▶ Given data
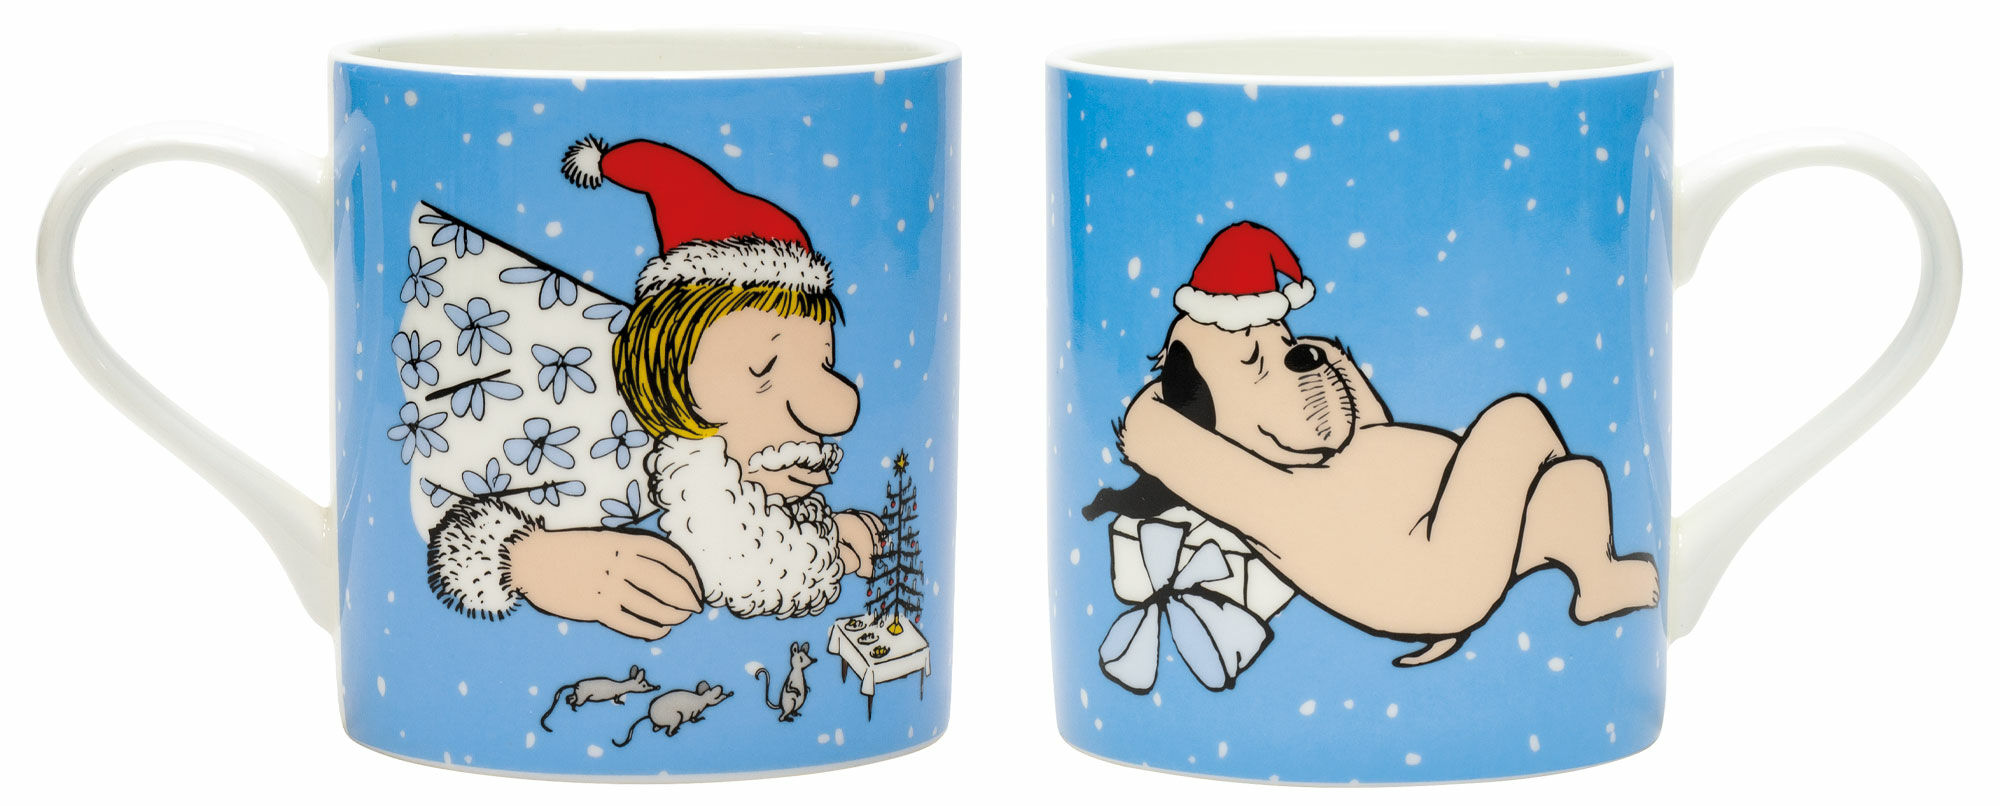 Set of 2 mugs with artist's motifs "Mrs Santa Claus" & "Christmas Wum", porcelain by Loriot
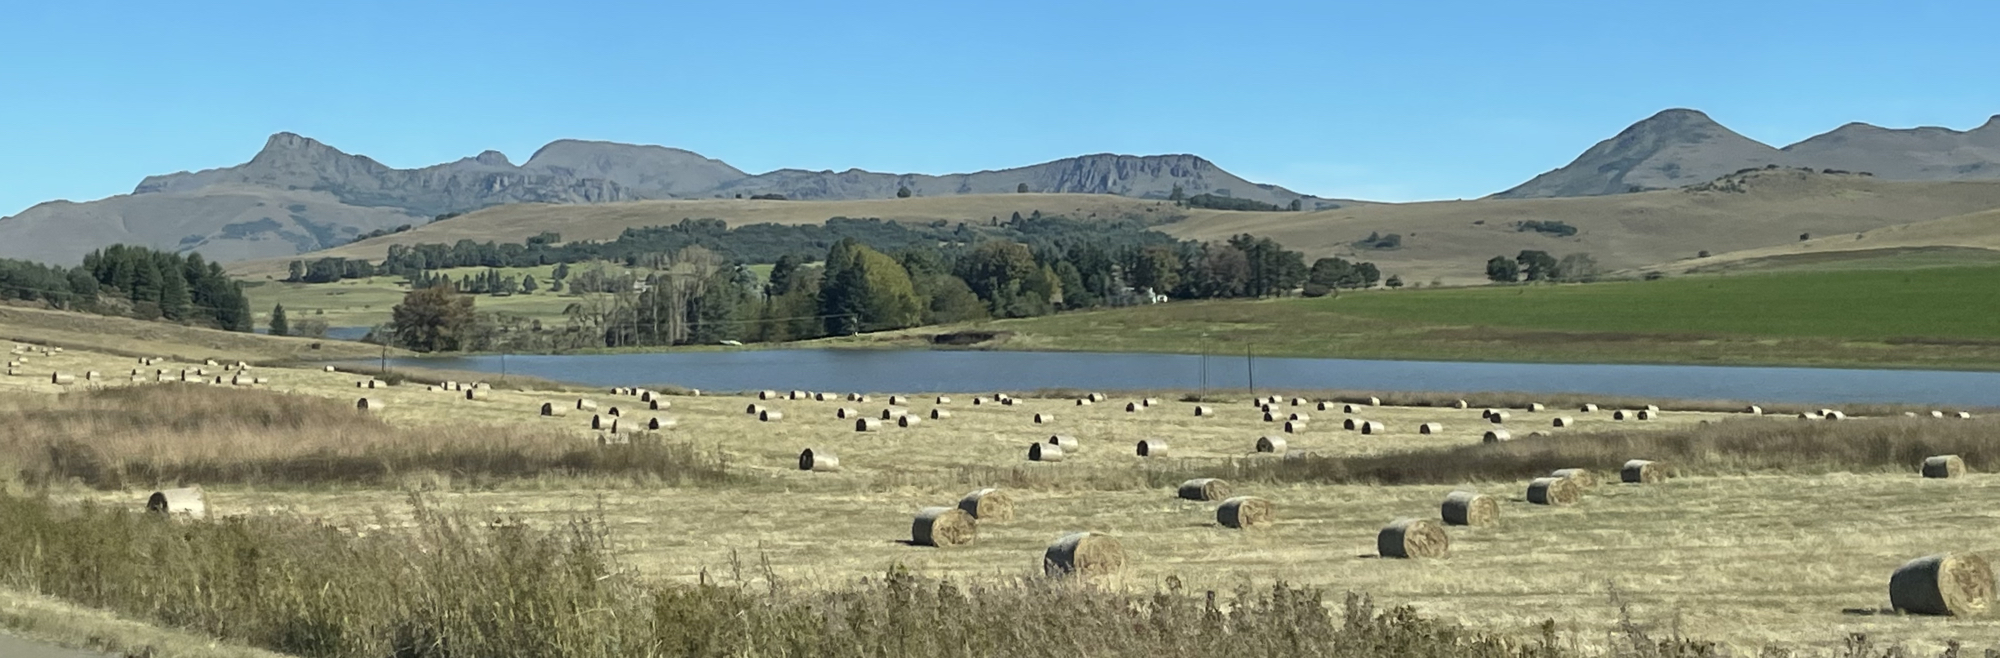 View of Mount Currie from the Underberg/Kokstad road.
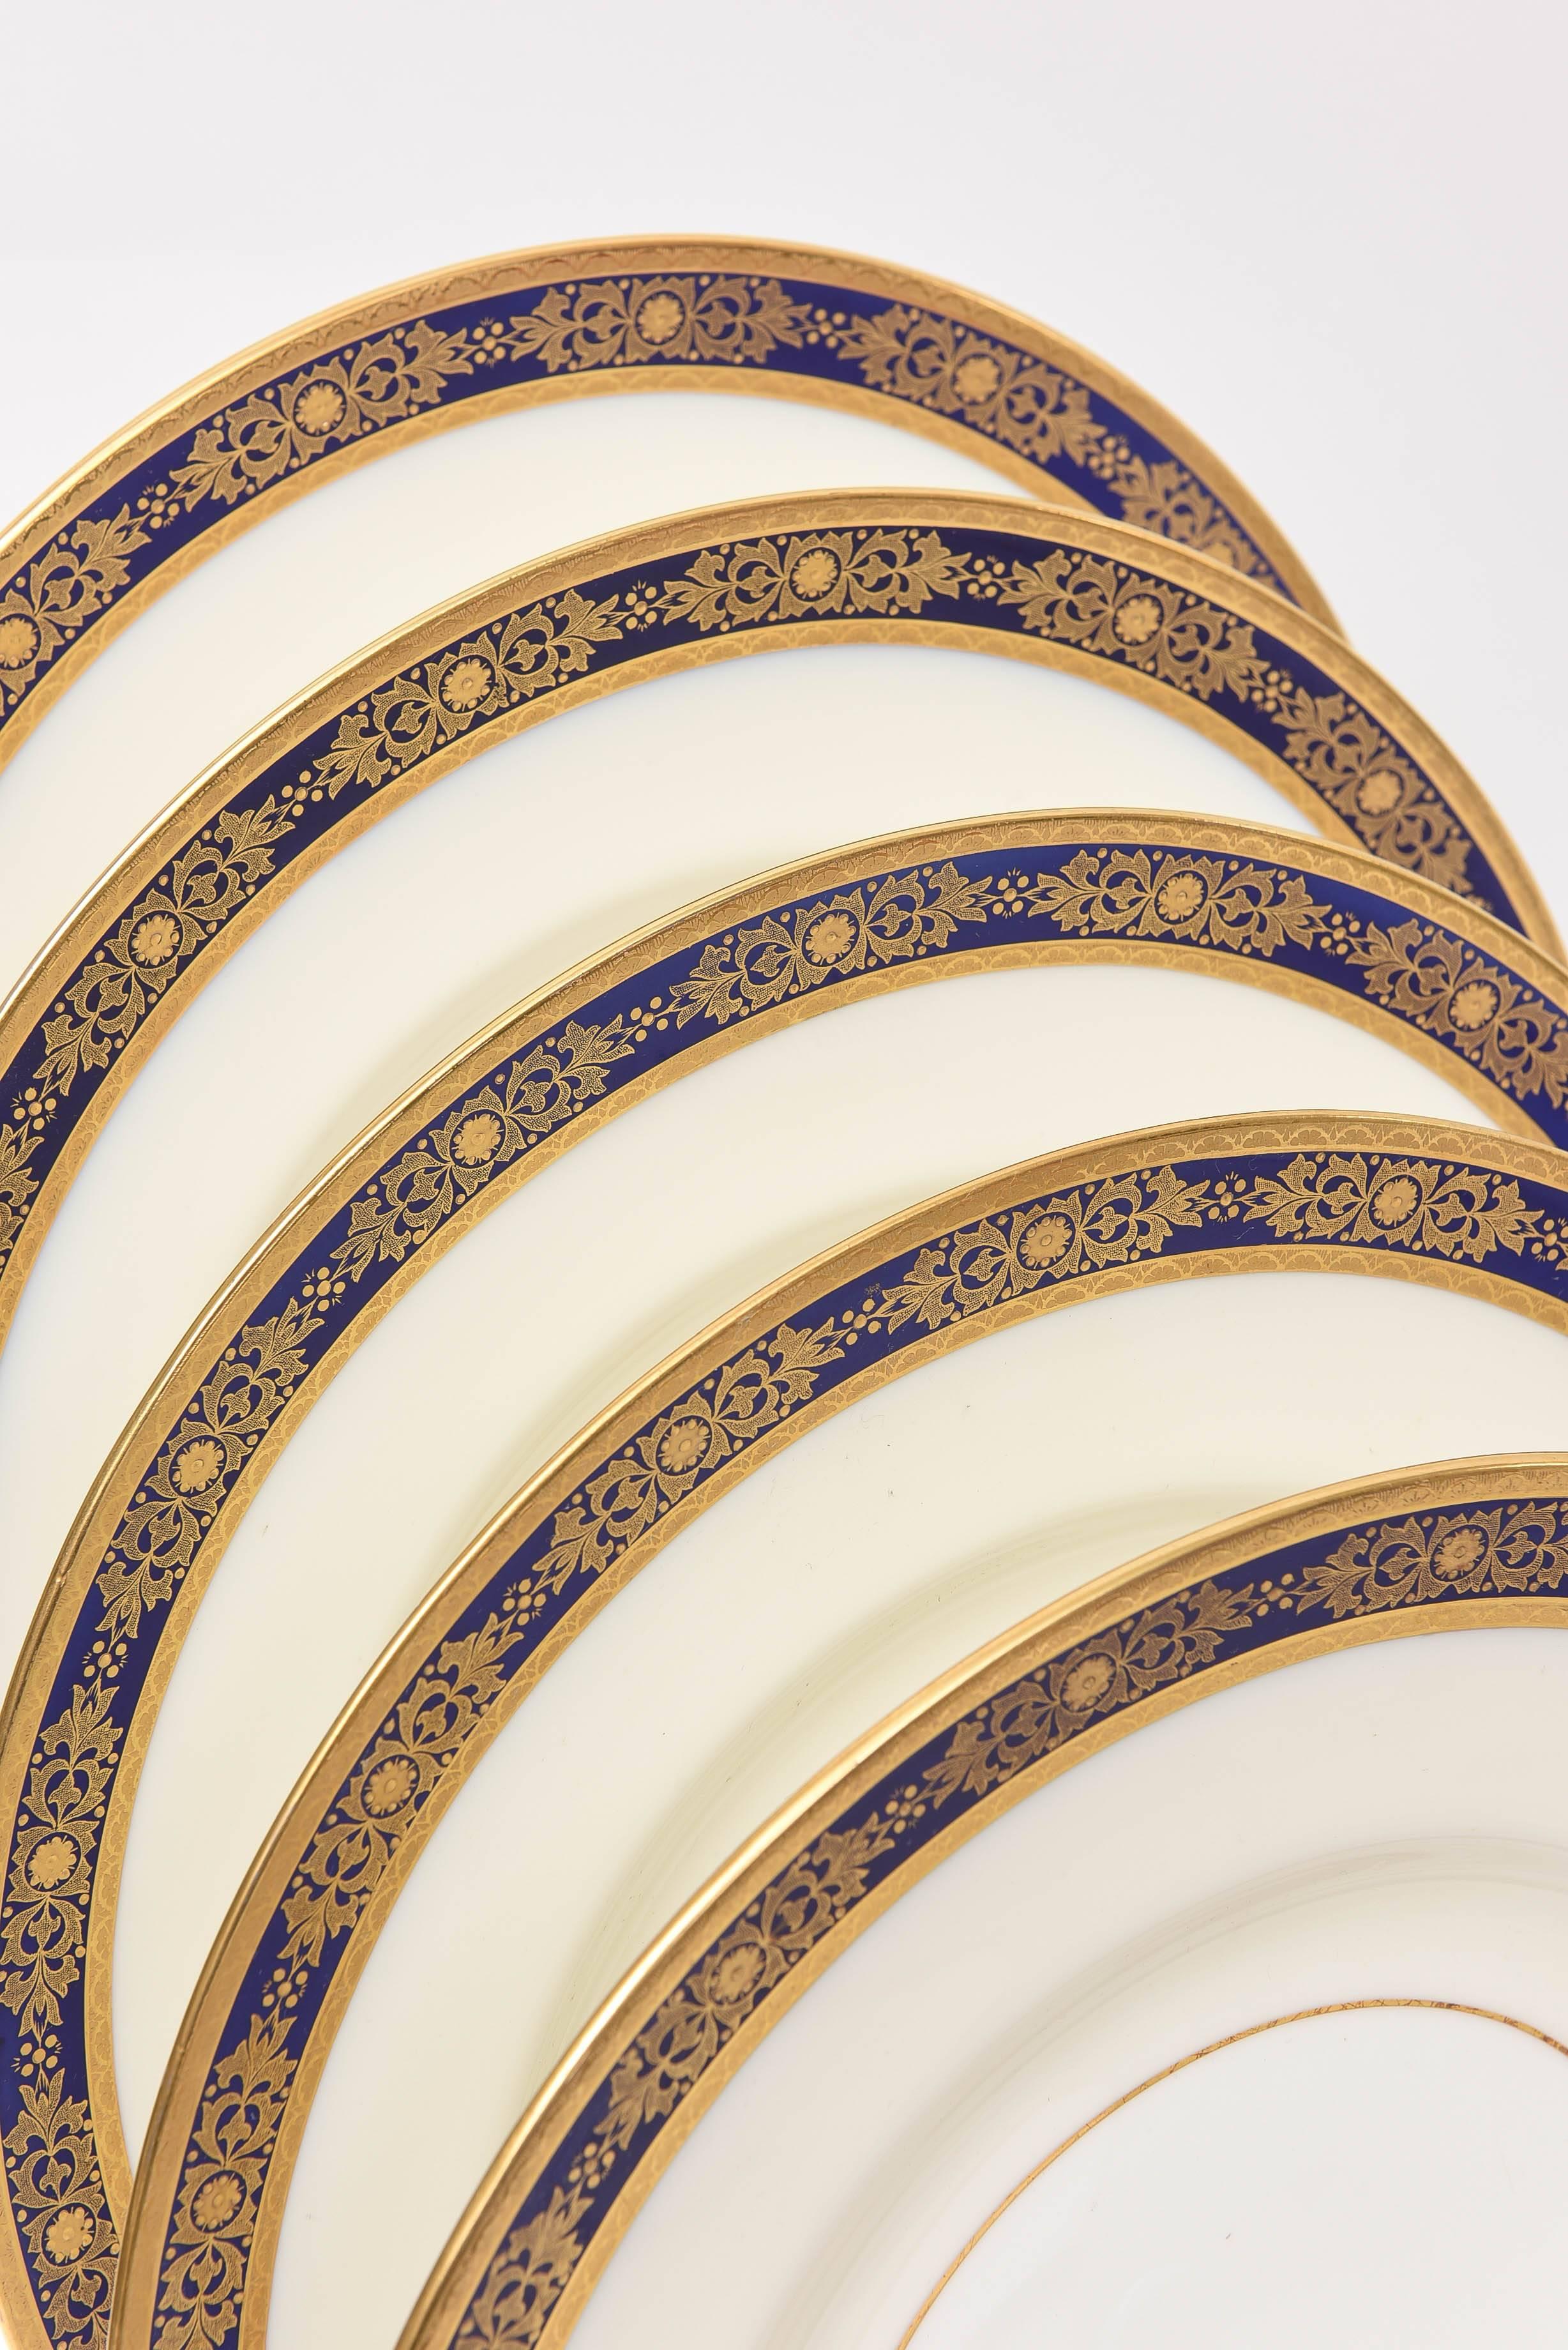 A set of 12 dinner plates by one of our favorite makers, Minton England. Custom ordered and made for Tiffany. These 12 plates feature 2 crisp 24k acid etched gilt bands with a nice design of raised tooled gold in a cobalt blue band on its collar. An

▶ Exercise goal
Start to finish, write out the data above exactly, omitting all pictures.

▶ Solution to this problem
 Set of 2 mugs with artist's motifs "Mrs Santa Claus" & "Christmas Wum", porcelain by Loriot
 View of Mount Currie from the Underberg/Kokstad road.
 A set of 12 dinner plates by one of our favorite makers, Minton England. Custom ordered and made for Tiffany. These 12 plates feature 2 crisp 24k acid etched gilt bands with a nice design of raised tooled gold in a cobalt blue band on its collar. An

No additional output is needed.